Unitary authority area in County Durham, England

County Durham is a unitary authority area in the ceremonial county of County Durham, England. It is governed by Durham County Council. The district has an area of English district area km2, and contains 135 civil parishes. It forms part of the larger ceremonial county of Durham, together with boroughs of Darlington, Hartlepool, and the part of Stockton-on-Tees north of the River Tees.

==History==
Between 1974 and 1 April 2009, County Durham was governed as a two-tier non-metropolitan county, with a county council and district councils. The original eight districts were Chester-le-Street, Darlington, Derwentside, Durham (city), Easington, Sedgefield, Teesdale, and Wear Valley. In 1997 Darlington was removed from the non-metropolitan county and became a separate unitary authority. In 2009 the remaining districts were abolished and replaced by a single district covering the non-metropolitan county, with Durham County Council as the sole local authority.

==Geography==
The district has multiple hamlets and villages. Settlements with town status include Consett, Barnard Castle, Peterlee, Seaham, Bishop Auckland, Newton Aycliffe, Middleton-in-Teesdale, Shildon, Chester-le-Street, Crook, Stanley, Willington, Stanhope, Spennymoor, Ferryhill and Sedgefield while Durham is the only city in the district.
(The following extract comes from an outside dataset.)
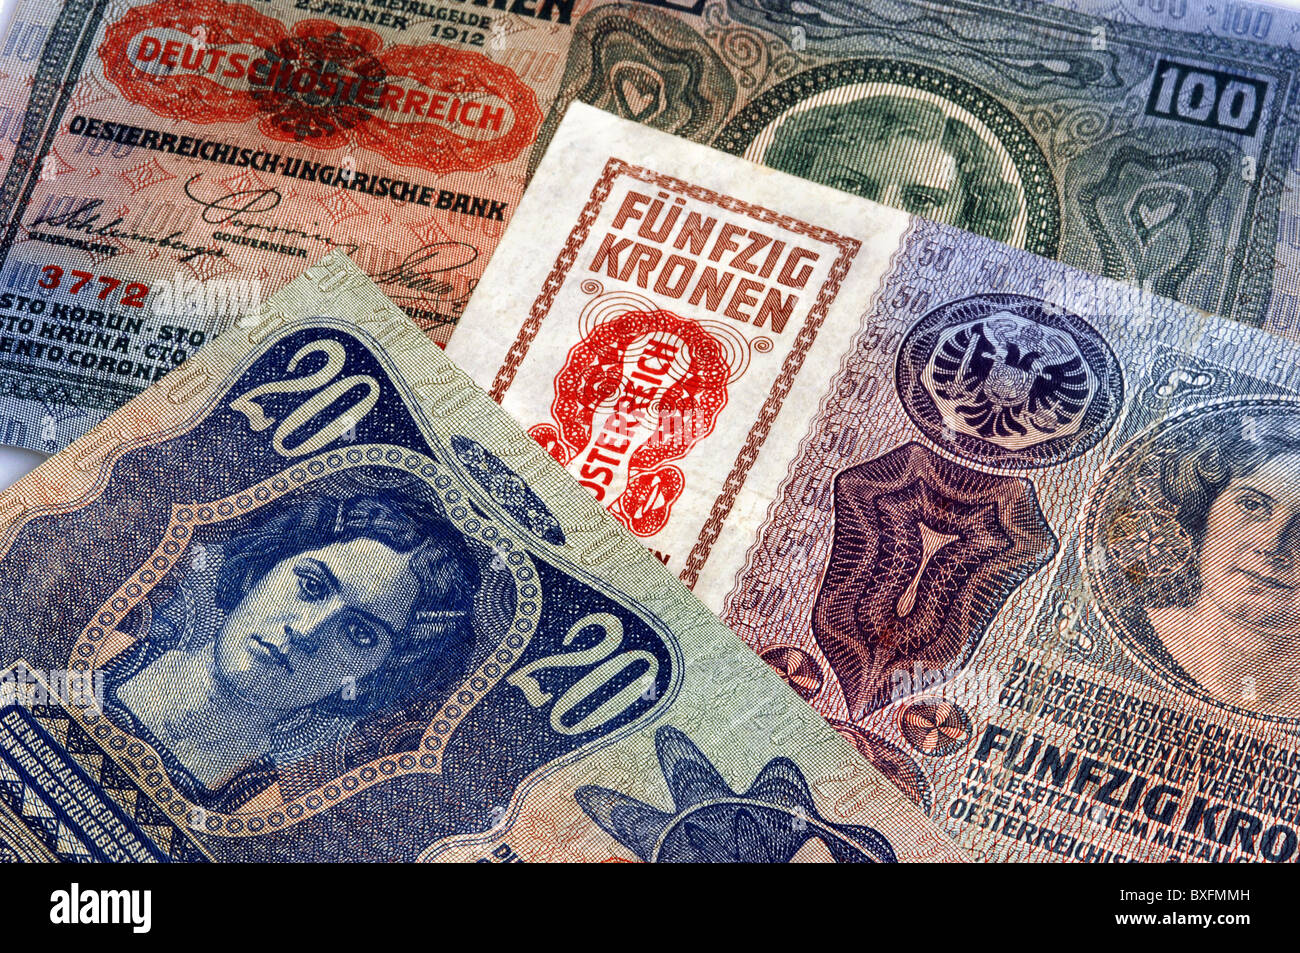 Monnaie / finances, billets de banque, Autriche, billets de banque, Vienne, 1912, droits additionnels-Clearences-non disponible Banque D'Images
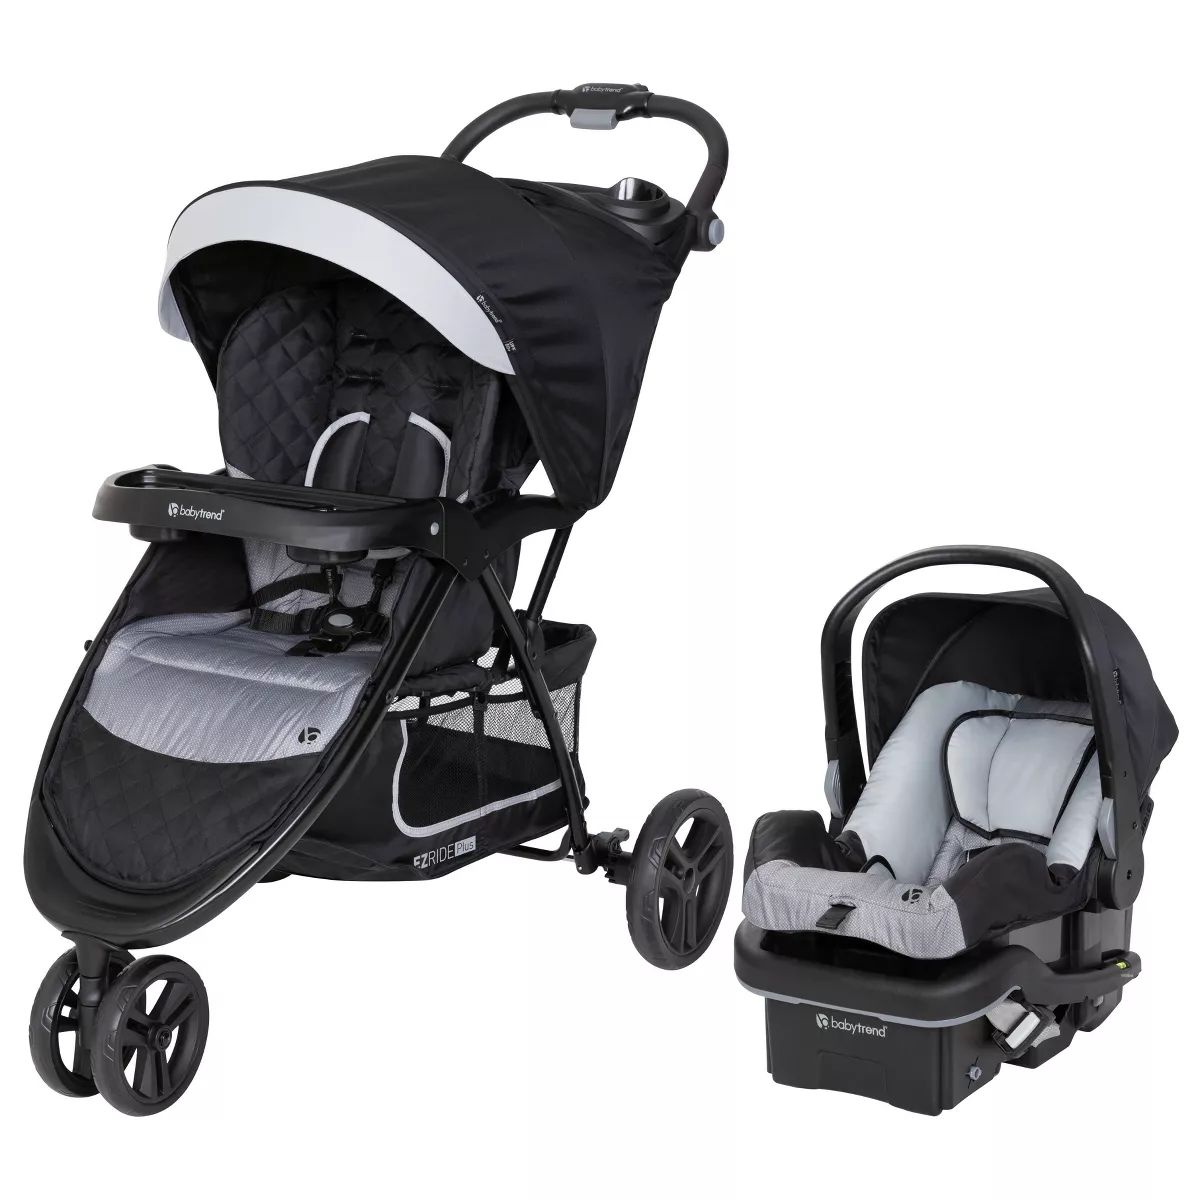 Baby Trend EZ Ride PLUS Travel System with EZ-Lift 35 Infant Car Seat - Carbon Black | Target

Neighbouring council areas
| Local authority | In relation to the district |
|---|---|
| Northumberland | North |
| Gateshead | North east |
| City of Sunderland | North east |
| Hartlepool | South east |
| Stockton-on-Tees | South east |
| Darlington | South |
| North Yorkshire | South |
| Westmorland and Furness | West |

==Governance==
Following the 2025 Durham County Council election, the council is under control of Reform UK.

==Economy==
The main industries that people in County Durham work in are retail, health and social work, and manufacturing. The three largest industry groups (Note: The industry groups are derived from the UK's Standard Industrial Classification.) for jobs based in the district are education, health, and manufacturing, while the three largest for businesses (Note: Covering all businesses registered for VAT.) are construction, retail, and professional, scientific, and technical services.

==Education==

Durham LEA has a comprehensive school system with 36 state secondary schools (not including sixth form colleges) and five independent schools (four in Durham and one in Barnard Castle). Easington district has the largest school population by year, and Teesdale has the smallest with two schools. Only one school in Easington and Derwentside districts have sixth forms, with about half the schools in the other districts having sixth forms.

==Media==
Local TV coverage is provided by BBC North East and Cumbria and ITV Tyne Tees. Local radio stations include BBC Radio Newcastle, BBC Radio Tees, Capital North East, Heart North East, Smooth North East, Greatest Hits Radio North East, Nation Radio North East, TFM; and community radio stations Durham On Air, Bishop FM in Bishop Auckland,
and Darlo Radio serving Darlington.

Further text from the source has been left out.